Insofar as the principal difficulty was to obtain the possibility to apply to a royal court, a formula emerged, "judicial defence precedes law", which to this day determines the characteristic features of the English understanding of law.

At the end of the thirteenth century the role of statutory law began to grow. In this connection the law-creative role of judges was to a certain extent restrained by the principle according to which changes in law should not occur without the consent of the king and parliament. Simultaneously, the right of judges to interpret statutes was established.

During the fourteenth and fifteenth centuries in connection with great social changes in English mediaeval society (development of goods-monetary relations, growth of cities, decline of the economy in kind), the need arose to go beyond the harsh framework of a closed system of precedents already in existence. The royal Chancellor assumed this role, settling disputes by way of a determined procedure under which the participants thereof appealed to the king. Thus, together with the Common law, a "law of equity" was formed. It, just as the Common law, is a precedential law, but precedents here are created by other means and encompass other relations than does the Common law.

Until 1873 a dualism of court proceedings existed in England on this basis: besides the courts applying the norms of the Common law the court of the Lord Chancellor existed. Then these systems merged.

While the jurists of continental Europe considered law as the aggregate of established rules, for the Englishman law basically comes down to judicial consideration. On the continent the jurists are interested above all in how a particular situation is regulated, whereas in England attention is concentrated on the procedure by which it should be considered so as to arrive at the correct judicial decision.

In France, Germany, Italy, and other countries of the Romano- Germanic legal family justice always was effectuated by judges having the university diploma of jurist.
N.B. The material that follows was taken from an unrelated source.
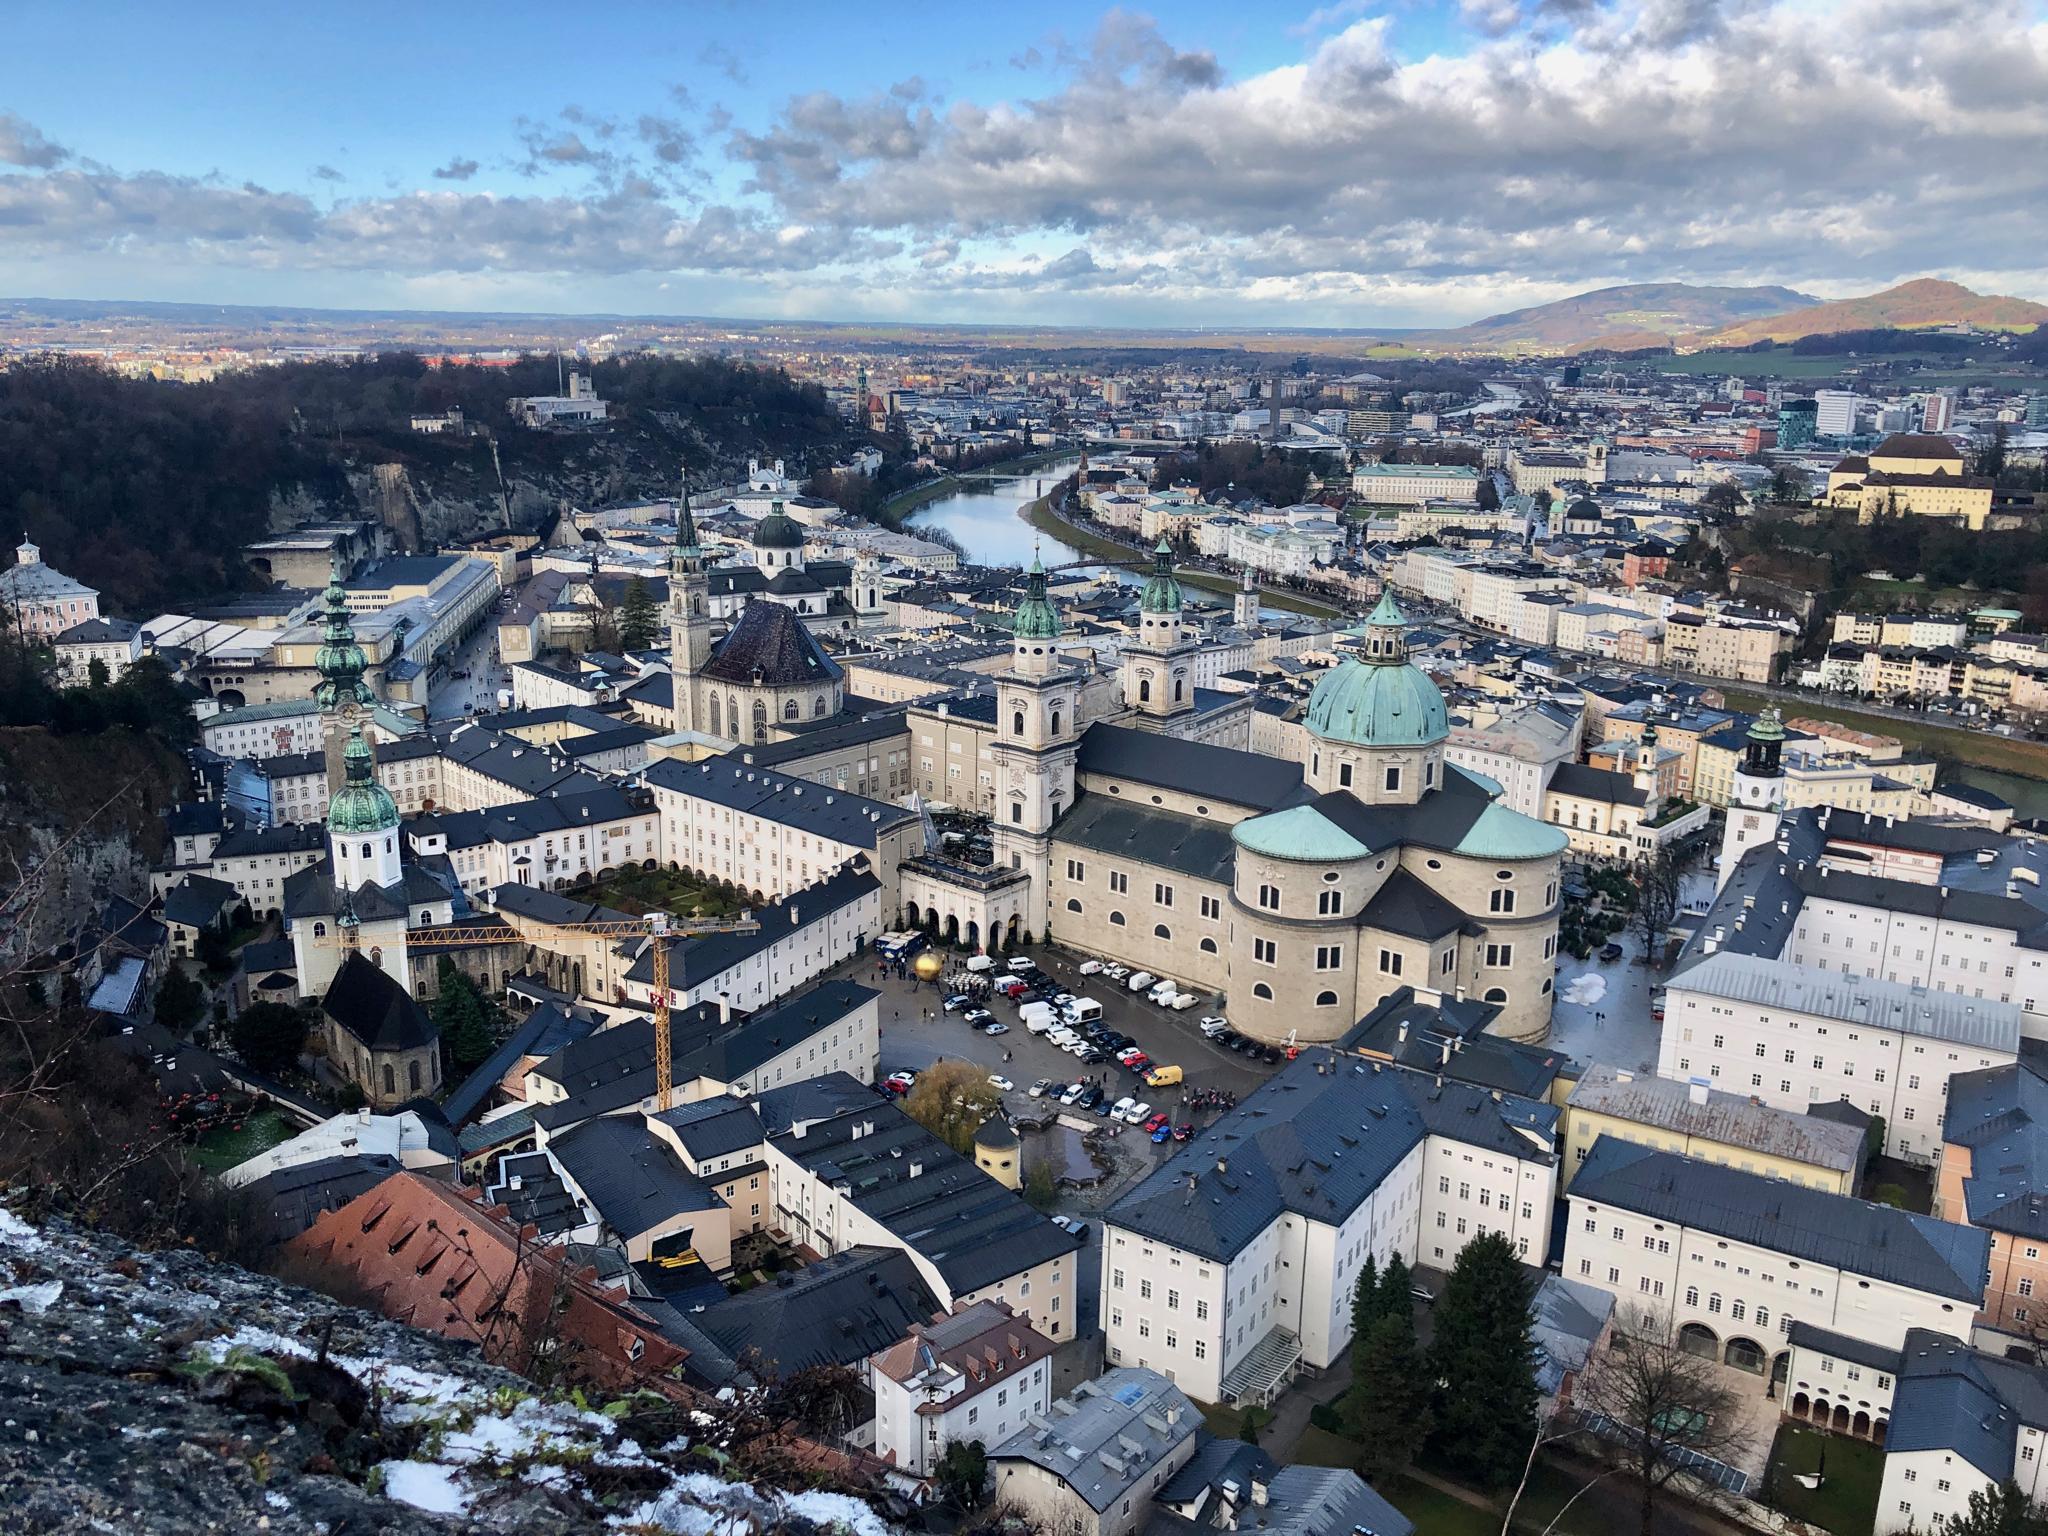 Salzburg Überblick

In England even judges in the highest courts up to the nineteenth century did not necessarily have a university legal education: they had mastered a profession, working for a long time as barristers.
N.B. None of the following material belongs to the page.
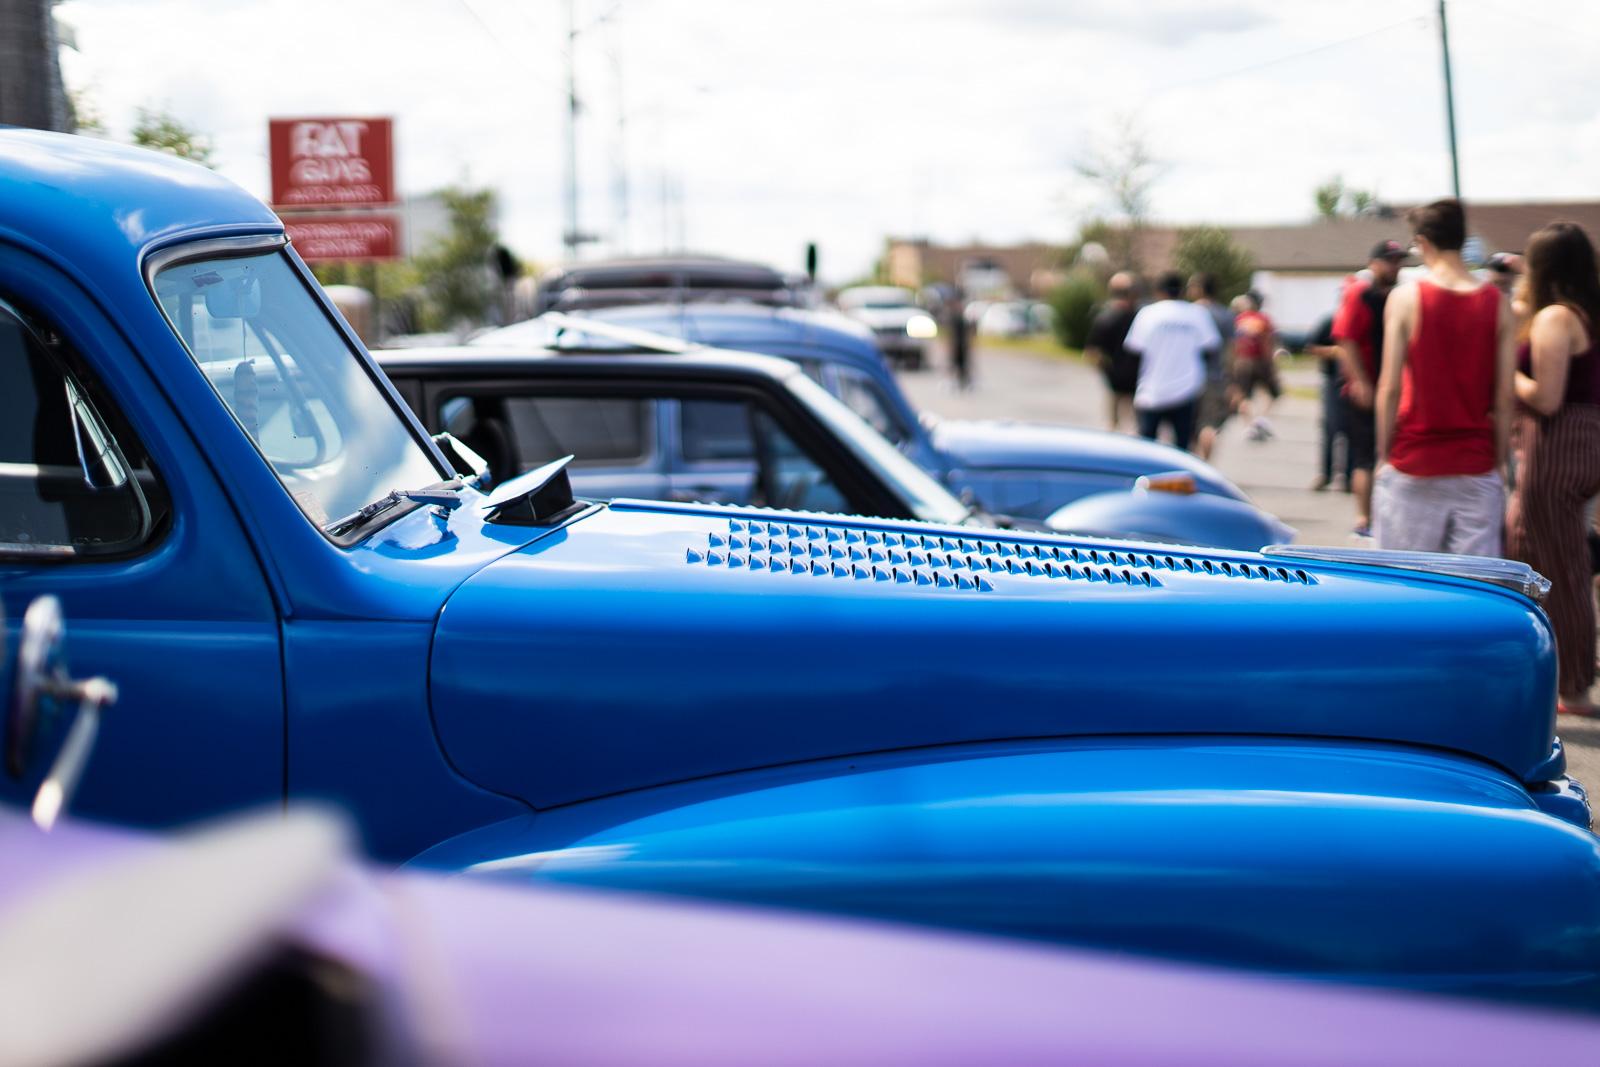 fat-guys-car-show-blog-64.jpg

Only in modern times did the acquisition of a university diploma became a vital prerequisite in order to become a barrister, solicitor, or judge. Professional examinations enabling one to engage in the legal profession might be regarded as the equivalent of a diploma in law. However, even now most important in the eyes of Englishmen the analysis of a case in court by people of good faith and compliance with the basic principles of a court proceeding comprising part of a common ethic, in their view, is sufficient to be "well-judged".